**Exercise requirements**: Transcribe the records exactly from the line with "the Taxpayer Certainty and" to the end, both included.

**Data extract**:
····················
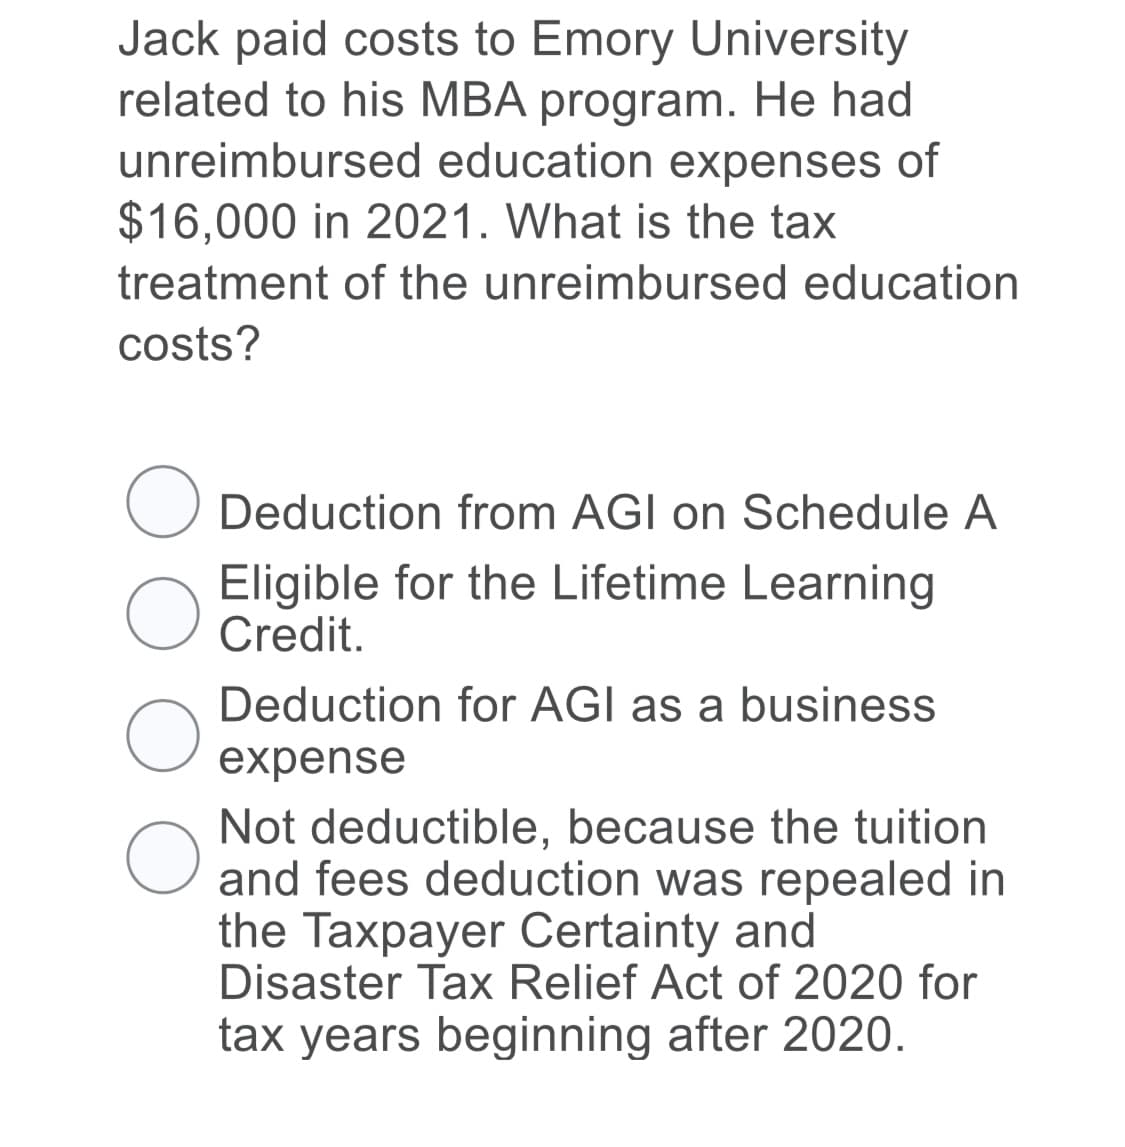 Jack paid costs to Emory University
related to his MBA program. He had
unreimbursed education expenses of
$16,000 in 2021. What is the tax
treatment of the unreimbursed education
costs?
Deduction from AGI on Schedule A
Eligible for the Lifetime Learning
Credit.
Deduction for AGI as a business
expense
Not deductible, because the tuition
and fees deduction was repealed in
the Taxpayer Certainty and
Disaster Tax Relief Act of 2020 for
tax years beginning after 2020.
····················
**Written solution**:
the Taxpayer Certainty and
Disaster Tax Relief Act of 2020 for
tax years beginning after 2020.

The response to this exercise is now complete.